Using the data below develop a multiple regression model to


1. Using the data below., develop a multiple regression model to predict score (rating) based on restaurant type (0 = Italian and 1 = Seafood/Steakhouse) and price of a meal in dollars. Be sure to include a correlation matrix along with your excel solution. (attach or email) Next answer the following questions: 1.Write the regression equation, 2. Interpret the regression constant and partial regression coefficients, 3. Forecast a value for the dependent variable using the regression model, 4. Test the significant of the partial regression coefficients at an alpha level of .05, 5. Test the overall significant of the regression model, 6. Interpret the adjusted coefficient of determination, and 7. Are there any indications of multicollinearity, be very specific.

Type     Price     Score

   0            16        77

   1            24        79

   1            26        85

   0            18        84

   0            17        81

   1            18        77

   0            23        86

   1            17        75

   0            28        83

   1            15        71

   0            17        81

   1            17        76

   1            19        81

   0            22        83

   1            16        81

   0            19        81

   1             20       80

   1             18       78

   0             18       82

   0             12       79

   0             16       76

2. Using the data below develop an x bar chart and an R chart. Be sure to include the chart.
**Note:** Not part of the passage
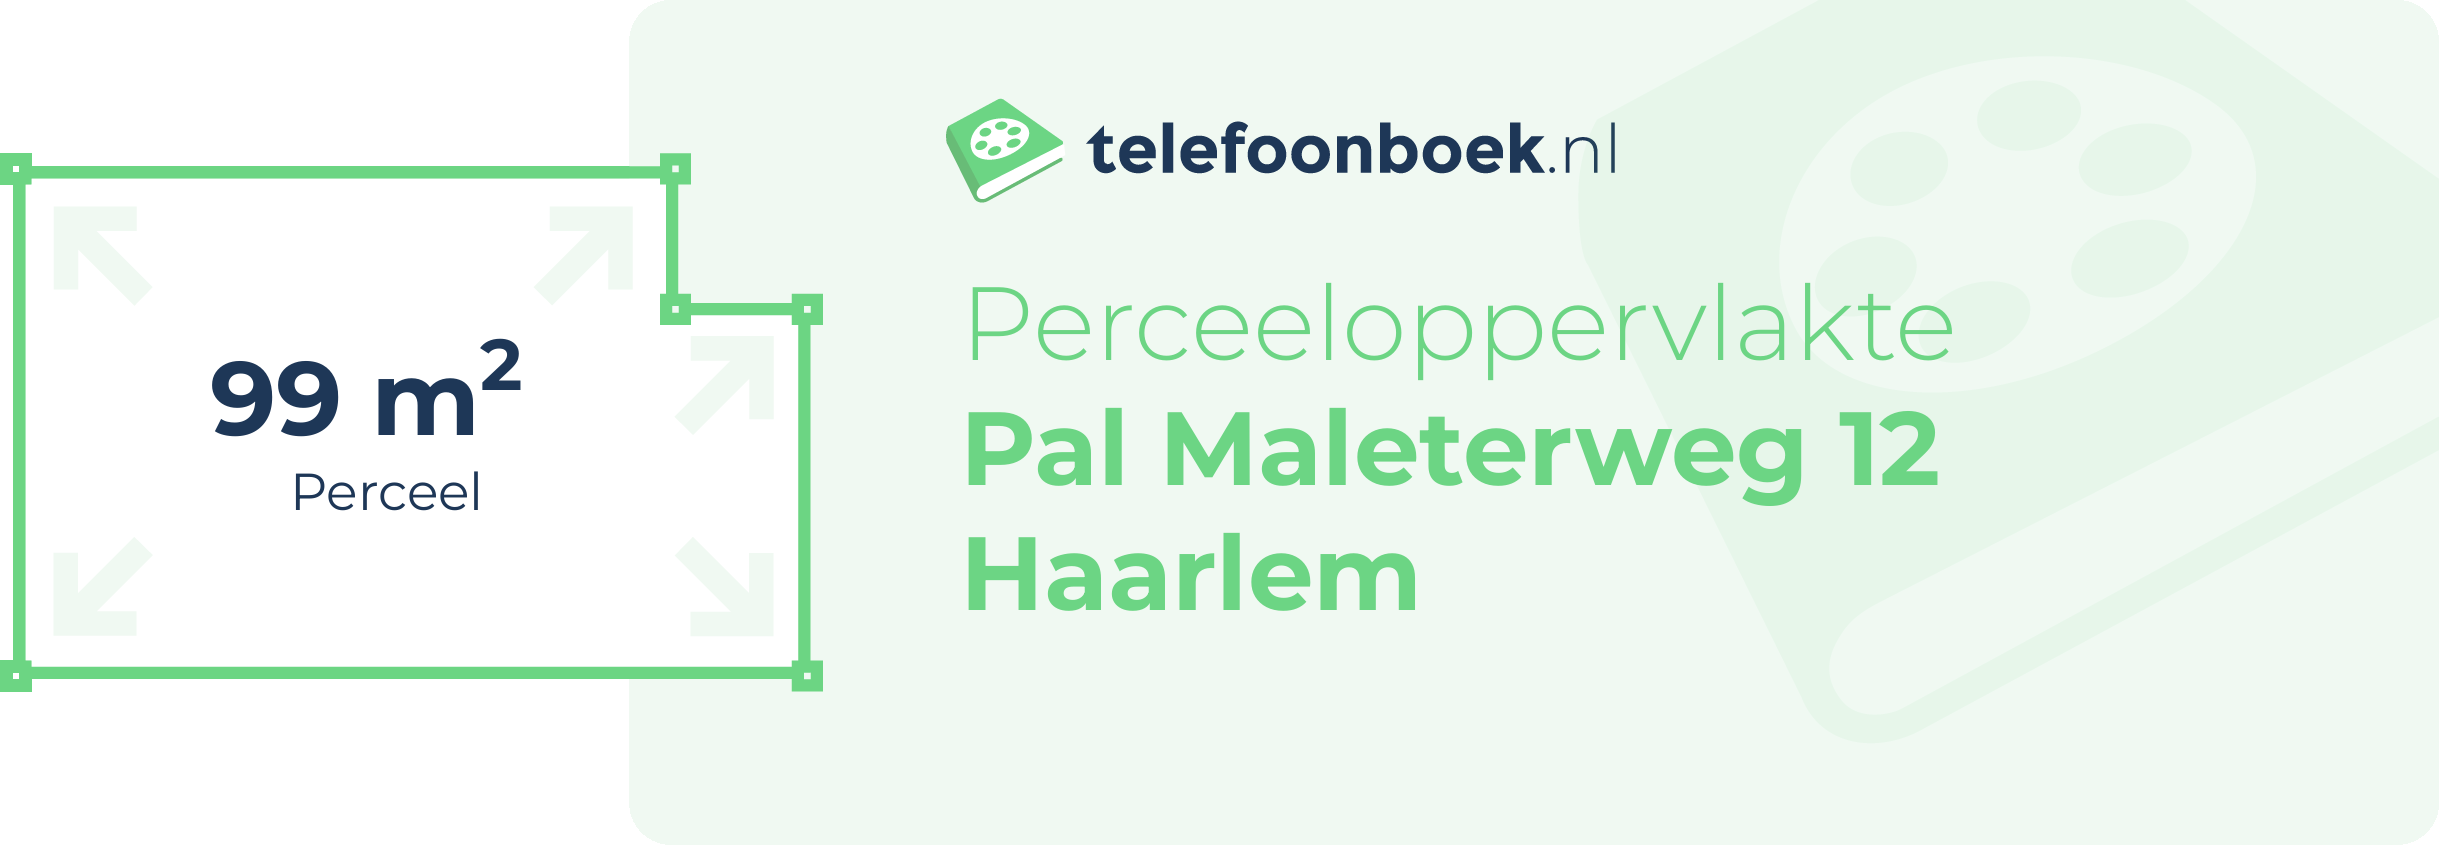 Perceeloppervlakte Pal Maleterweg 12 Haarlem
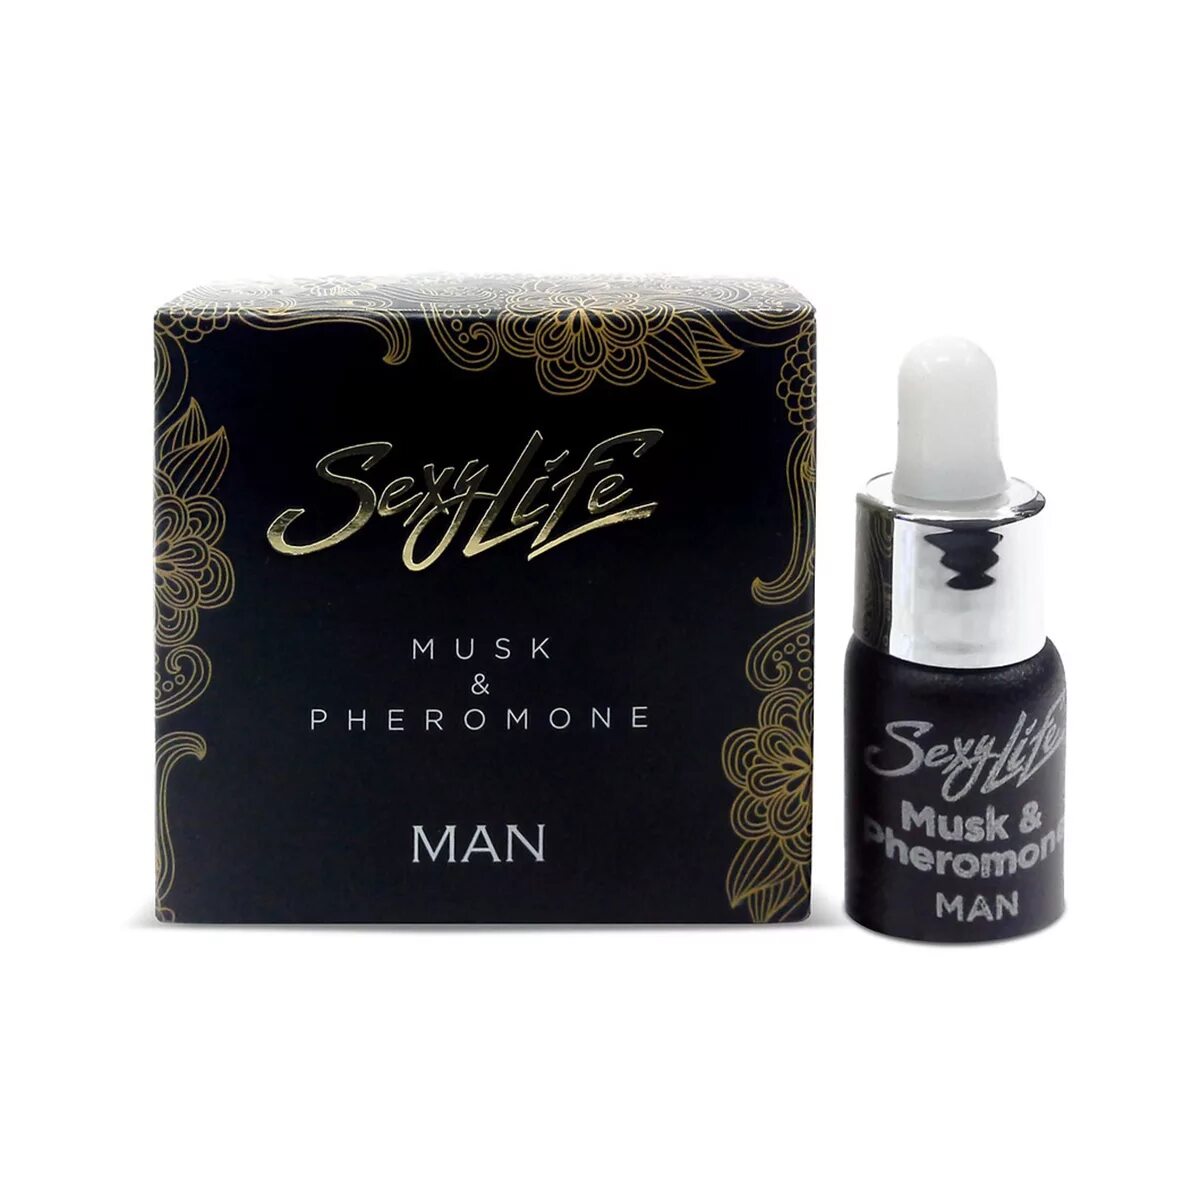 Parfume Prestige m мужские духи с феромонами sexy Life № 1, 10 мл. Концентрированные феромоны sexy Life мужские. Musk Pheromone man.

After developing the charts comment on whether they are statistically in control or not.

Cattlemen's Bar and Grill The Cattlemen's Bar and Grill in Kansas city, Missouri, has developed a name for its excellent food and service. To maintain this reputation, the owners have established key measures of product and service quality , and they monitor them regularly. One measure is the amount of time customers wait from the time they are seated until they are served.

Every day, each hour that the business is open, four tables are randomly selected. the elapsed time from when the customers are seated at these tables until their orders arrives is recorded. The resulting data is shown below.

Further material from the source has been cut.